Using tags, you aggregate all documents so labeled regardless of their category (in fact, they can be used under different categories) and there are no quantitative limits: you can create countless tags and label content with an infinite number of tags, but that means creating redundancy and exposing the site to risks (each tag creates a new container page, so if not optimized and if not significant they are only likely to expand the site and waste crawl budget).

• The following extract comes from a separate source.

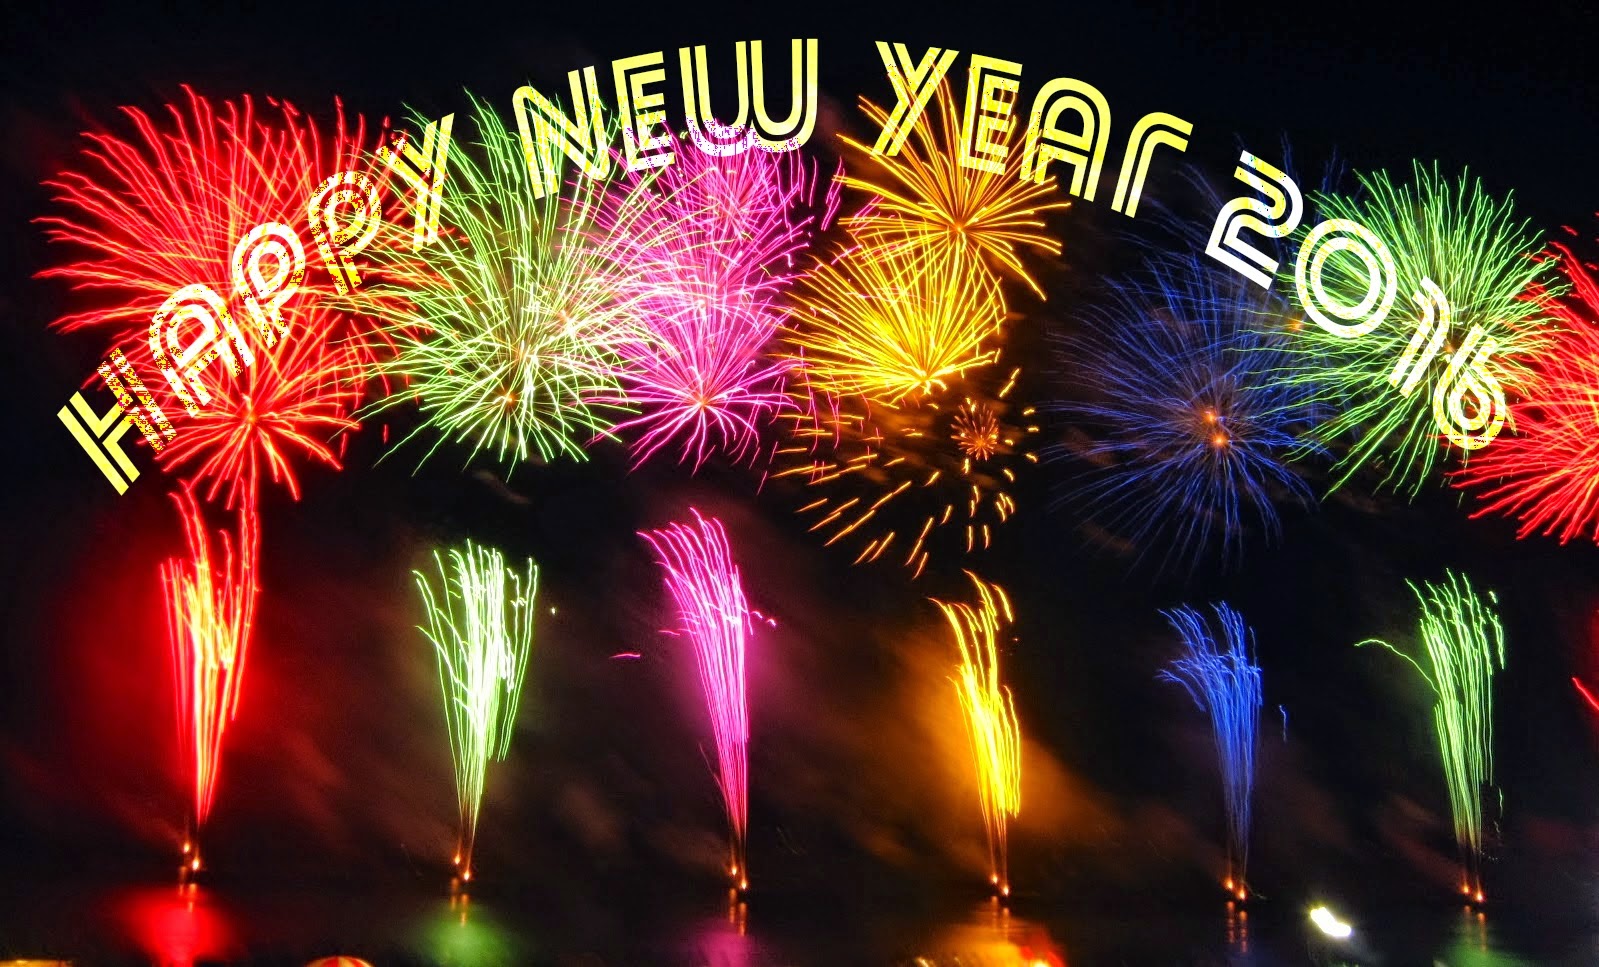 Happy New Year 2016 hd Images, Wallpapers - Free Download

Goals of the site taxonomy
In conclusion, let’s repeat what a well-organized taxonomy is in order for you to remember it longer:
- Group site Urls based on a topic.
- Detect the website’s search topic
- More correctly communicate to search engine crawlers the topics covered, to eventually improve content indexing (and potentially have a possible boost for ranking).
- Improve the usability and facilitate the use of information by visitors, who can identify the site as thematical and vertical on a topic, therefore considering it more reliable than a general portal under the same conditions.